Vitamin Deficiencies

If parrots fill up on too many blackberries, they’re missing out on nutrition from other foods, such as pellets, leafy greens, nuts, seeds, and vegetables. The parrot may also reject these foods in favor of sugary blackberries.

After a while, mineral and vitamin deficiencies can occur. Hypovitaminosis – vitamin A deficiency – is one of the most common deficiencies that parrots suffer from, significantly affecting African grey Parrots.

Similarly, parrots are at risk of vitamin overload when eating too many blackberries. This causes just as many problems as deficiencies, as the body doesn’t know what to do with the extra vitamins and minerals.

are blackberries good for parrots?

Can Parrots Eat Blackberry Jam?

Healthy homemade blackberry jam can be an easy way to feed your parrot blackberries.
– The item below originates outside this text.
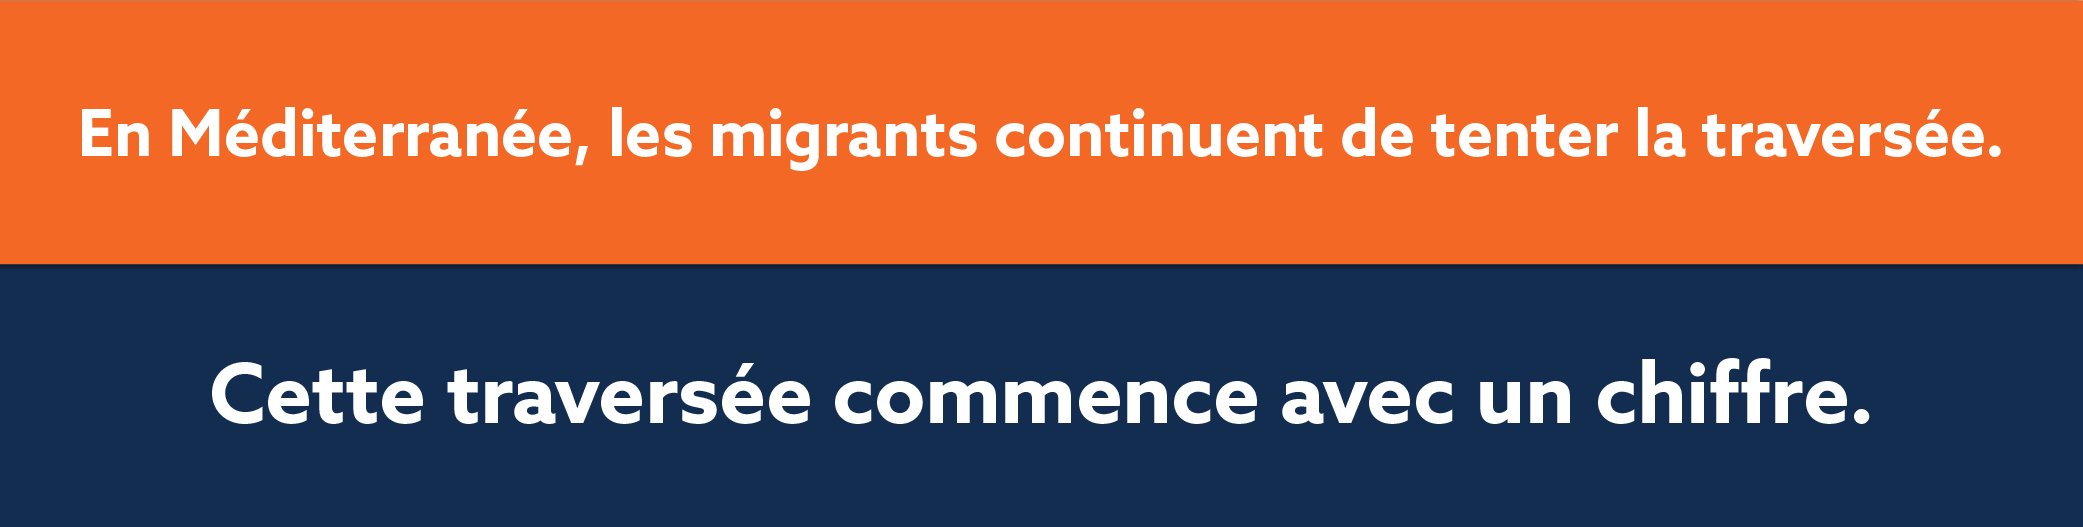 FRENCH_Migrants_Organized-01.png

Blackberries make a mess and can stain your parrot’s feathers.

When made healthily, blackberry jam provides 70% of the nutrients raw blackberries contain. However, the longer the jam is stored, the more this level deteriorates. After 6 months, only 50% of the nutritional value remains.
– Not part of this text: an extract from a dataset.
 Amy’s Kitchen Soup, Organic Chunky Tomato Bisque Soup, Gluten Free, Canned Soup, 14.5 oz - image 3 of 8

When the jam is made, some of the blackberry’s vitamins and phytonutrients are lost due to heating, smashing, and sieving. Blackberry jam also requires high levels of jam sugar to make.

Store-bought blackberry jam is usually high in refined sugar levels, so it’s not recommended that this is a suitable replacement for raw blackberries.

Therefore, blackberry jam is okay on infrequent occasions, but to get the best out of blackberries, feed them raw.

Can Parrots Drink Blackberry Juice?

Blackberry juice can provide high levels of vitamin A. It also helps to hydrate parrots who struggle to drink water. Parrots are prone to dehydration, so adding juice to your bird’s diet encourages water consumption.

Instead of shop-bought juice containing high sugar levels, make your own blackberry juice by blitzing blueberries in a blender with water. Don’t add any sugar or flavorings that may cause your parrot harm.

By using raw blackberries, your parrot gets to enjoy the full range of health benefits that the fruit provides and has the opportunity to hydrate.

How To Prepare Blackberries For Parrots

As we’ve mentioned, thoroughly cleaning berries is essential before you give them to your parrot. Once you’ve found chemical-free blackberries, soak them in lukewarm water to remove bugs and nasty bacteria.

Adding one part of white vinegar to the water helps to draw out small bugs and insects. Soak for 20 minutes and then pat them dry with a clean towel. When feeding your bird blackberries, you can place them in a shallow dish inside the cage for your parrot to pick at.

For smaller parrots, place blackberries on skewers and allow them to put the fruit off themselves. This makes it easier for them to eat. Parrots, such as conures, hold blackberries like an apple and eat them while holding the fruit in their claws.

Blackberries are messy fruits and parrots are messy birds, so don’t be alarmed if you see red-purple stains around the cage. Wipe them off with a damp cloth.

Blackberries make an excellent addition to your parrot’s diet when provided in small quantities. Provide a range of other fruits so that your parrot gets to experience different flavors and textures.